GlaxoSmithKline (GSK) has kicked off a phase III study of its Respiratory Syncytial Virus (RSV) vaccine candidate for maternal immunisation.
The phase III launch follows the announcement of positive phase I/II data for the vaccine candidate – GSK3888550A – reported last month.
The data showed ‘promising’ safety and immunogenicity in the phase I/II study in non-pregnant women, inducing a high level of protecting neutralising antibodies. This included a 14-fold increase in RSV-A and RSV-B neutralising antibody titers observed as early as one week after immunisation.
The phase III GRACE study will involve up to 10,000 pregnant women aged 18-49 years, and will evaluate the efficacy of a single dose of the RSV vaccine for the prevention of medically assessed RSV-associated LRTIs in new-born infants.
The study will also evaluate the safety of the RSV vaccine candidate both in vaccinated mothers and in their infants.
Approximately 33 million cases of RSV occur in children under the age of five globally each year, with over 1.4 million hospitalisations of infants under six months of age.

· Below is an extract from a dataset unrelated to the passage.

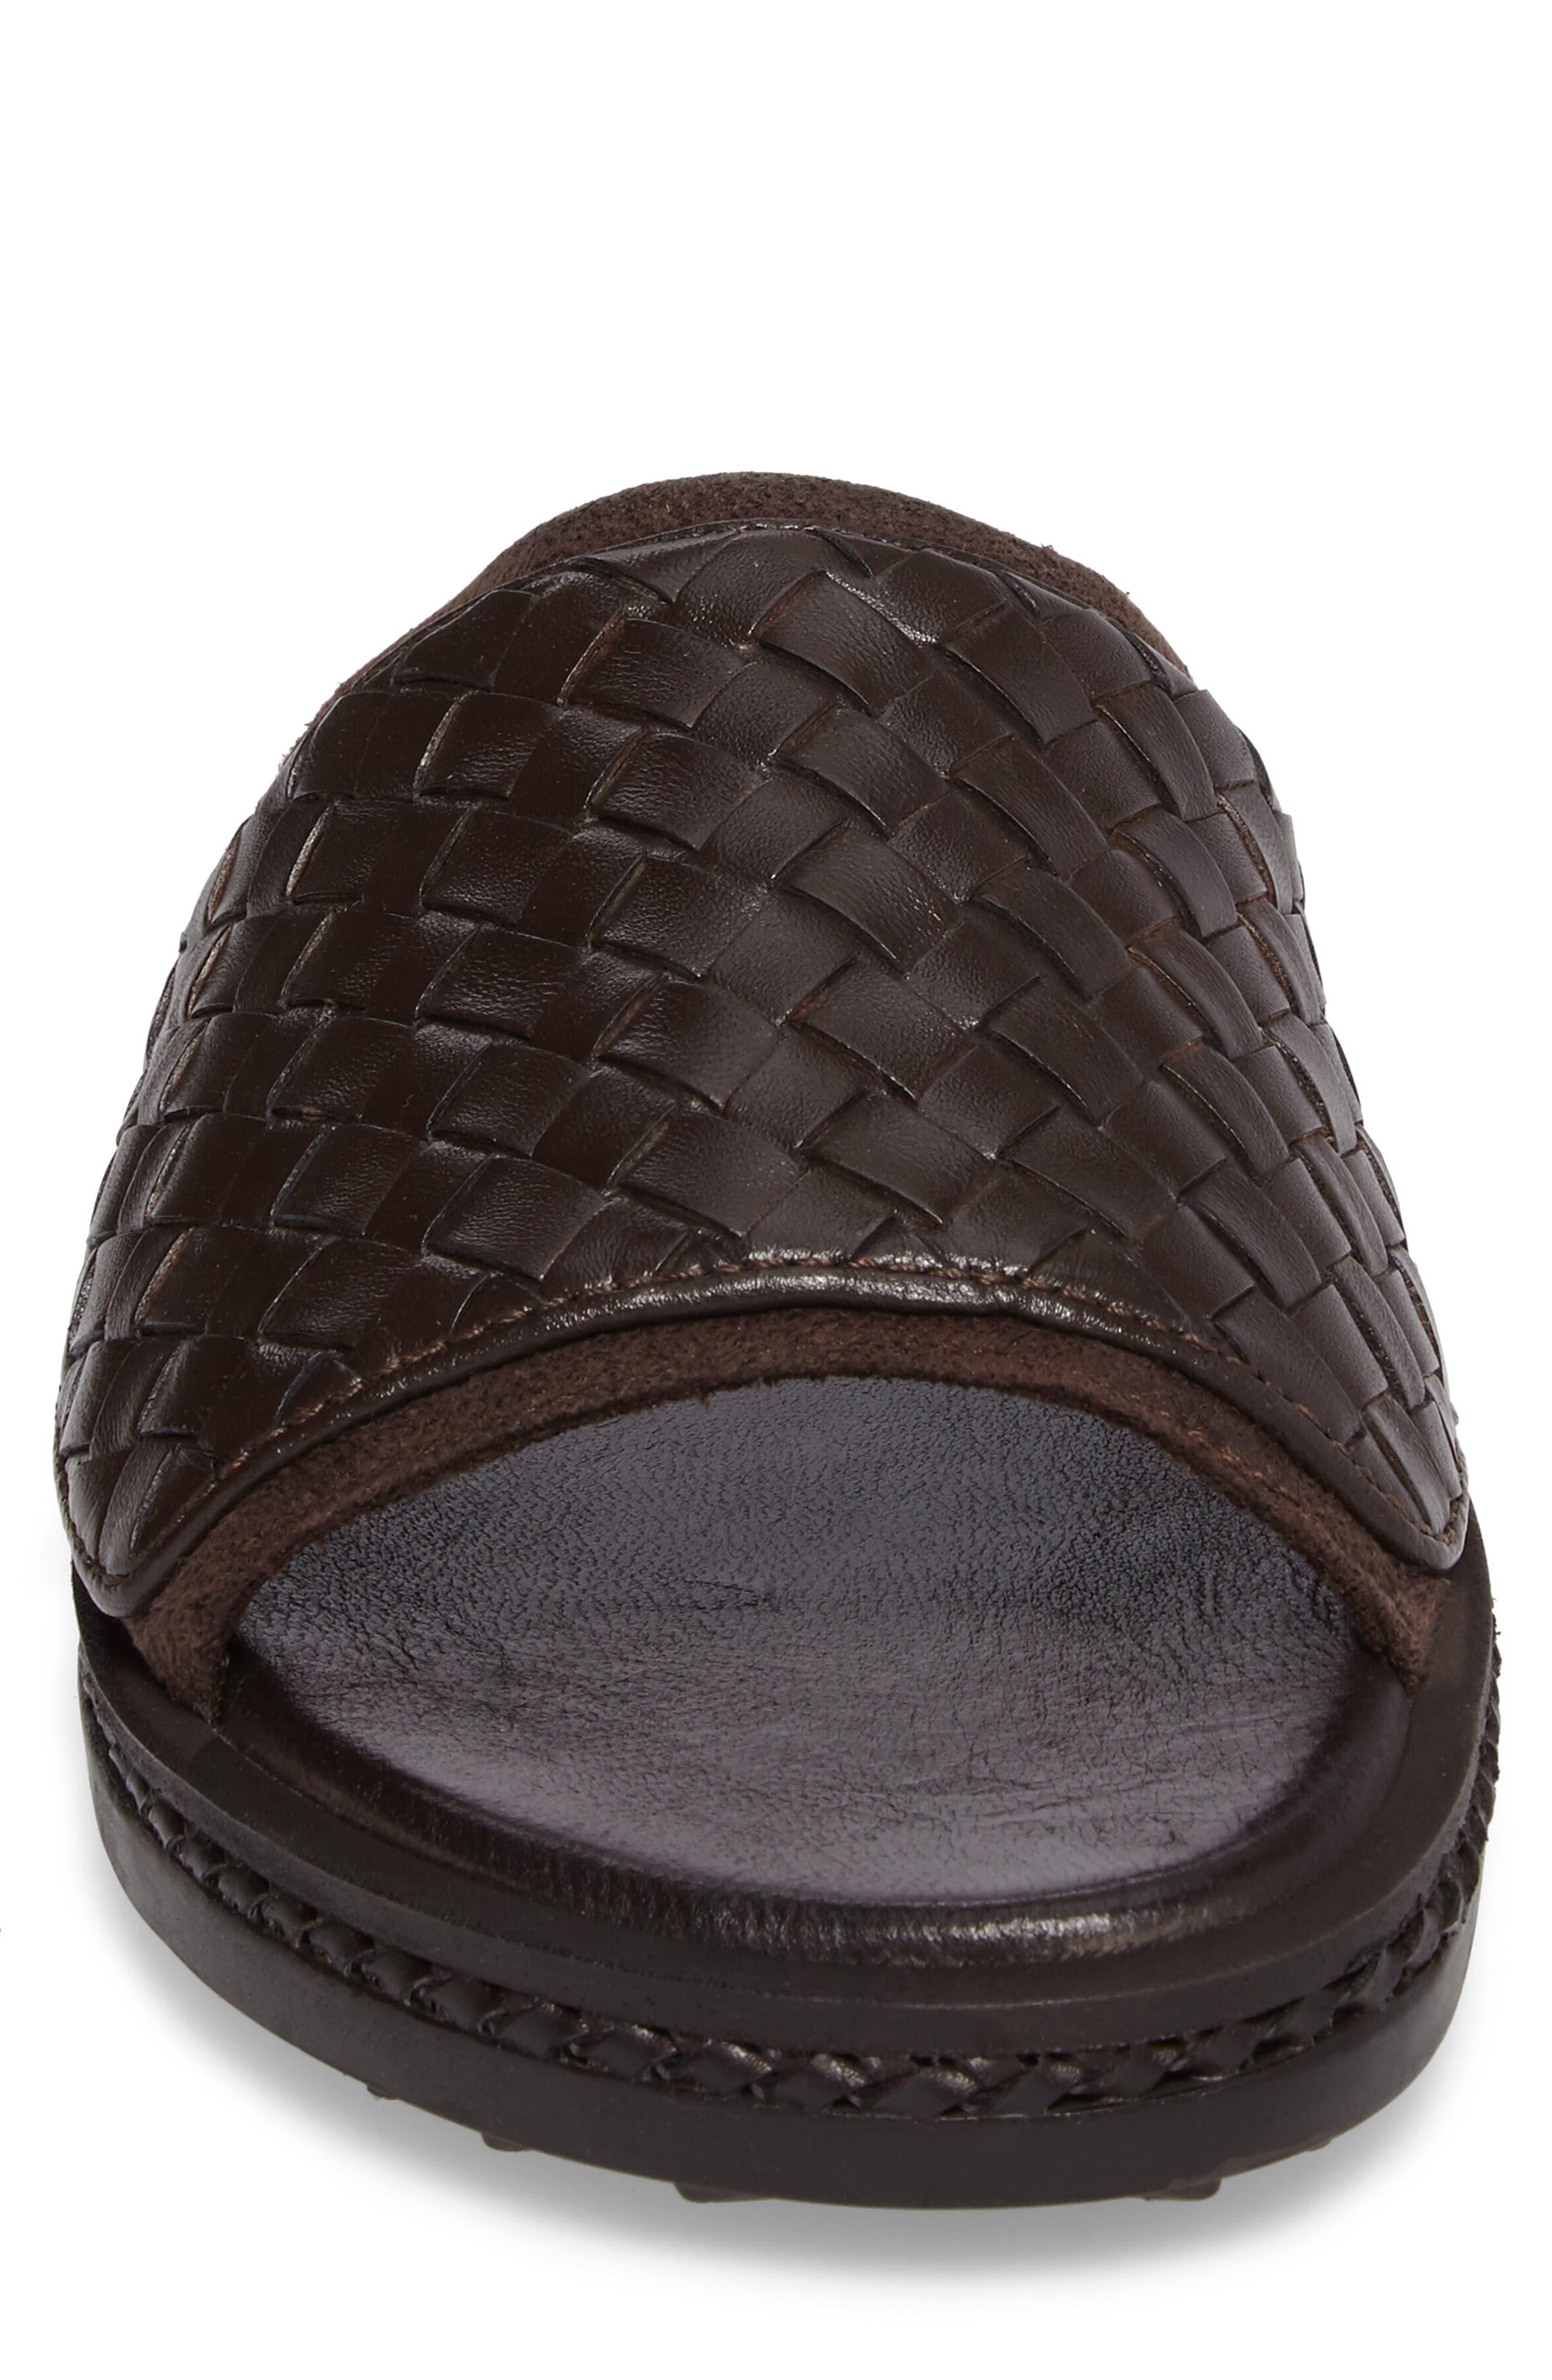 Shore Crest Woven Slide Sandal,                             Alternate thumbnail 8, color,

RSV is also a leading cause of respiratory infections – including bronchiolitis and inflammatory pneumonia – in infants.
“RSV burden is high amongst young infants – a vaccine which protects them from birth would represent significant progress in addressing the burden of RSV, preventing infant illness and families’ distress, as well as reducing the associated burden for society,” said Emmanuel Hanon, senior vice president and head of vaccines R&D for GSK.
“Advancing our portfolio of RSV vaccine candidates based on robust available data is a major step towards GSK’s goal of reducing the RSV-associated disease burden around the world,” he added.